之前郁美珍与陶广志认为的爆单在这些大学生来玩过后,只能说是洒洒水。
面包店忙得连小游都两眼发直,他已经从小时工进阶成全天帮工了,但他突然有点想念往年在工地上搬砖的日子了。
店里买的充气包装机一整天就没停过,陈雪雪都被迫来了第二次,因为赠送给面包店的十个充气钢瓶,短短一个多月时间就全部用完了。
可想而知这一个多月,面包店卖出去多少个面包。
别说陶广志了,连郑师傅都好几天没回家了,这一个月几乎都住在陶萄家,眼一闭一睁,就是做面包。
做得连郑师傅都有些受不了了,忍不住小声嘀咕了一句:“当年挣工分的时候都没这么累……”
陶广志难得没抱怨,他已经走了有一会儿了。
不仅仅有专程过来玩的人直接来店里扫荡,还有很多桂江市的客人是直接打电话过来订的,面包店有了真空机,郁美珍就让小游和许秀莲用硬纸箱包装好,按照电话里的地址和数目仔细核对,没错后,塞上减震的旧报纸,通过邮局去寄面包。
寄得多了,胜利街的那家邮局都主动给她打折了。
幸好忙碌到了三月总算有所消停,毕竟大学生们也开学了。
好消息再次传来。
市级复赛,郁峦力压所有县市的顶尖苗子,以罕见的满分成绩再夺全市第一。
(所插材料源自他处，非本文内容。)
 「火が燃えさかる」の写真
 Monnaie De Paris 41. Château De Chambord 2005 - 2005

连张家明都超常发挥,做题时手感特别好,奇迹般吊在最后一名,竟然!也通过了复赛。
要知道,六年级的竞赛题目难度极大,不仅包含数论、组合数学、复杂应用题,很多题目还涉及初中数学知识,还需要独特的解题思路和创新思维。
赛事为保证含金量,还设置了特别高难度的压轴题,目的就是拉开分数差距,避免出现大量满分,在本就短时间、大题量的情况下,能正确算出最后一题的学生少之又少。
满分的含金量不言而喻。
这是罗淑芬都始料未及的,郁峦之前从来没考过满分!她都没想过他能考满分!这孩子今年太太太厉害了!
还有,连张家明也终于晋级了!
这次让黄校长花钱给两个孩子去夏令营集训果然对了!
苍天啊!罗淑芬和黄校长打电话去市里问成绩,得知后高兴疯了,两人在办公室就跳起来了,像两只袋鼠在办公室里绕着圈跳个不停,跳的时候还又笑又哭。
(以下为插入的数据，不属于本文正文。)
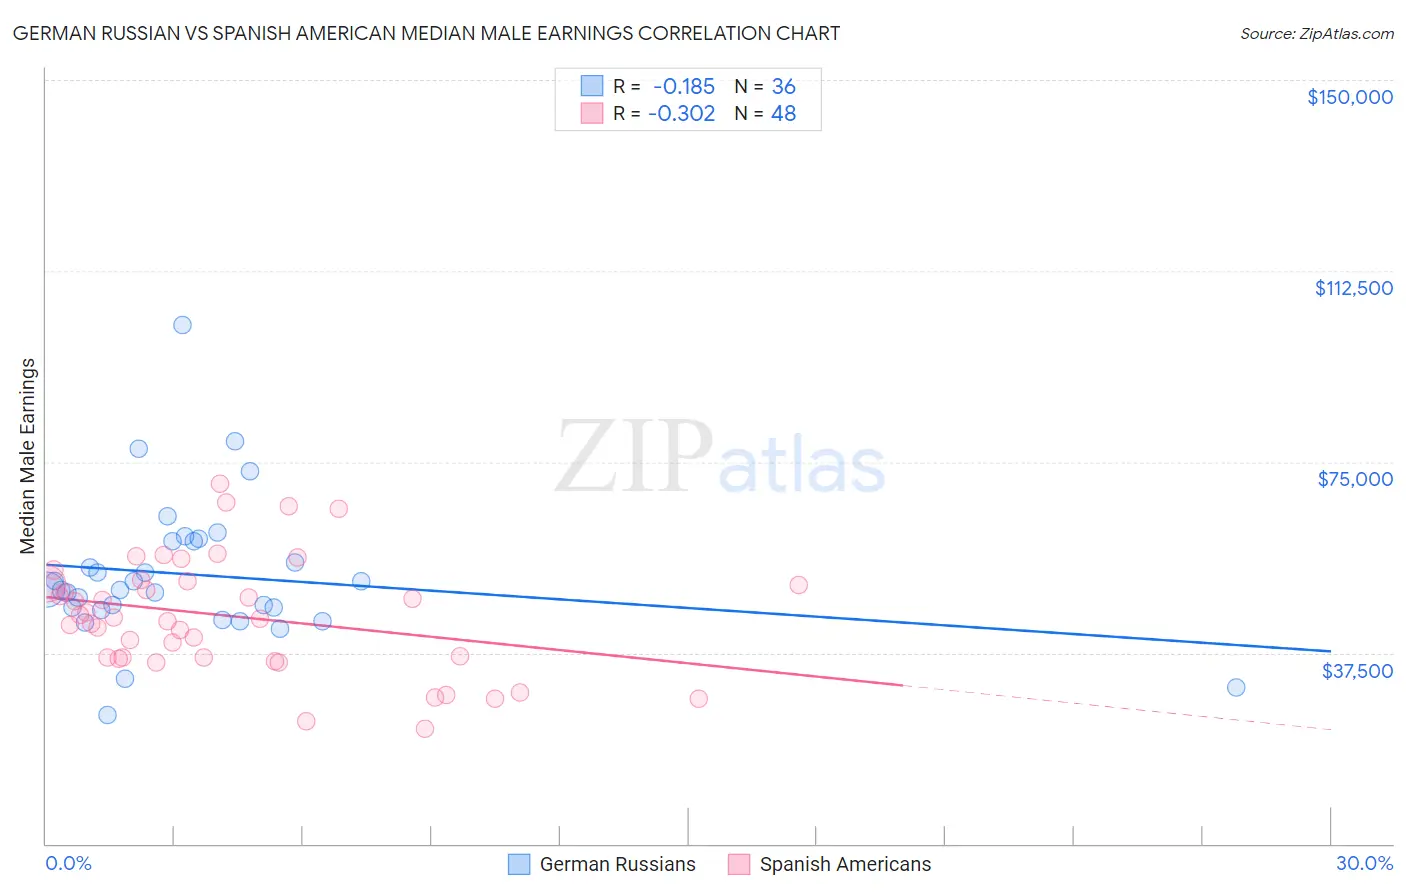 German Russian vs Spanish American Median Male Earnings

带着副校长去市里拍红榜时,黄校长都哭了,抬起胳膊直抹眼泪。
那大红榜的最顶上,金色的字体,写着郁峦的名字,旁边注明的推荐学校是樟溪镇中心小学,而这一行往下,全都是市实验小学,市XX小学,XX县实验小学,再没有出现过一个乡镇小学,直到最后一个,又出现了樟溪镇中心小学。
他们一共就两个苗,可怜兮兮的。
可今年两个都上了,一个在榜头,一个在榜尾。
许多市里的各小学校长、数学教研组也都在,那一道道神情惊愕又复杂的眼神,把黄校长看得啊,他赶紧把眼泪抹了。后背绷直了,肚腩挺出来了,下巴也抬高了,一副你们高攀不起的样子。
好爽啊,好爽啊,听着其他校长们那酸溜溜又言不由衷的恭维,黄校长很想谦虚,可实在忍不住,牙龈和扁桃体都笑出来了。
黄校长回来还买了鞭炮到陶萄和张家明家门口放,市里甚至有记者跟着来采访,称呼郁峦和张家明是“小镇里飞出的数学天才”。
这回面对记者,陶广志被郁美珍狠狠踩了一脚,没敢再说:“没见他学习啊,每天就是打电动遛鸭子咯……”这种招人仇恨的话。